Свержение ига — страница 110 из 115

   — Что будем делать? — спросил Матвей.

   — То, для цего посланы, — ответил Семён. — Собирайся-ка к Холмскому, пущай подмогу шлёт, долго не продержимся.

Матвей заупрямился: я-де для боя ехал, а не для рассылов, людей только что на битву подвигал, а сам же сбегу.

   — Вот и беги, да пошибце. От тебя проку более выйдет, коли подмогу сюда приведёшь.

   — А ну как обойдут вас ордынцы стороной?

Семён покачал головой:

   — Не обойдут. Татарин и верно настырен, как Гуляй говаривал. Он ежели на пути стенку встренет, головой бить нацнет, покуда её не прошибёт или голова не отскоцит. Так цто приводи подмогу сюда.

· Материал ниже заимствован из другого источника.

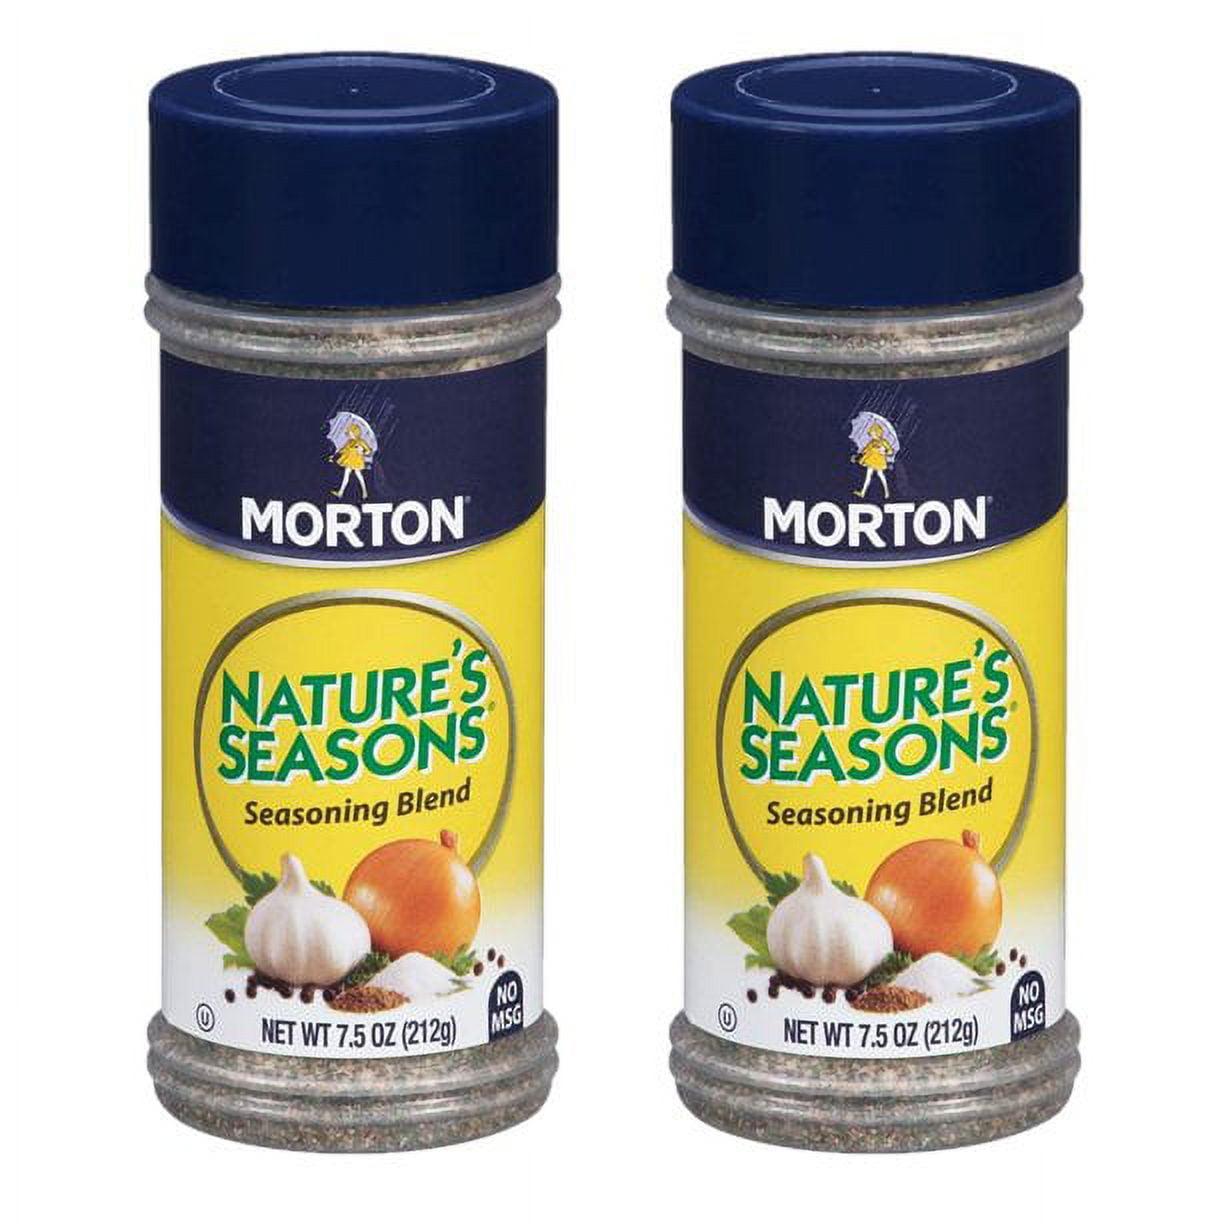 Morton Natures Seasons Seasoning Blend, 7.5 Ounce -- 12 per case

Друзья обнялись на прощание.

Вскоре враг предпринял новую попытку переправиться, речной сход заполнили несколько сотен ордынцев. Теперь они хотели стремительным броском преодолеть брод и хоть малыми силами зацепиться за левый берег. Под звуки боевых барабанов лучники с прибрежного холма стали осыпать русских роем стрел, а всадники с криками пустили разгорячённых коней и вспенили воду. Брод оказался узким, многие были вытеснены с него и отчаянно барахтались на глубине, тем не менее кричащая лавина довольно быстро приближалась. Русские пушки зашипели и окутались чёрным дымом, выплюнув свои слабосильные заряды. Кое-какой урон они всё же нанесли, но ещё более губительным для врага оказался плотный дым, окутавший подступы к русской заставе. Вражеские лучники прекратили стрельбу, опасаясь поразить своих, зато русские действовали беспрепятственно. Совместными усилиями пушкарей и лучников удалось отогнать ордынцев и на этот раз.

Муртаза бесился. Лукомский обещал лёгкую победу, а он снова не может перейти речку. Кто-то из окружения осторожно предложил воспользоваться соседним бродом, но он гневно отверг предложение, как совсем недавно это сделал отец. Неужели бесстрашные воины его тумена отвернут от жалкой горстки русских? Муртаза послал людей вверх и вниз по реке, с тем чтобы они переправились и зашли с тыла. Русские могли только наблюдать за переправой, помешать ей они были не в силах. Единственное, что им оставалось, это замкнуть полукружье и оградиться щитами со всех сторон. Правда, этим ограждением они полностью отрезали себя от мира, но об отходе никто не помышлял.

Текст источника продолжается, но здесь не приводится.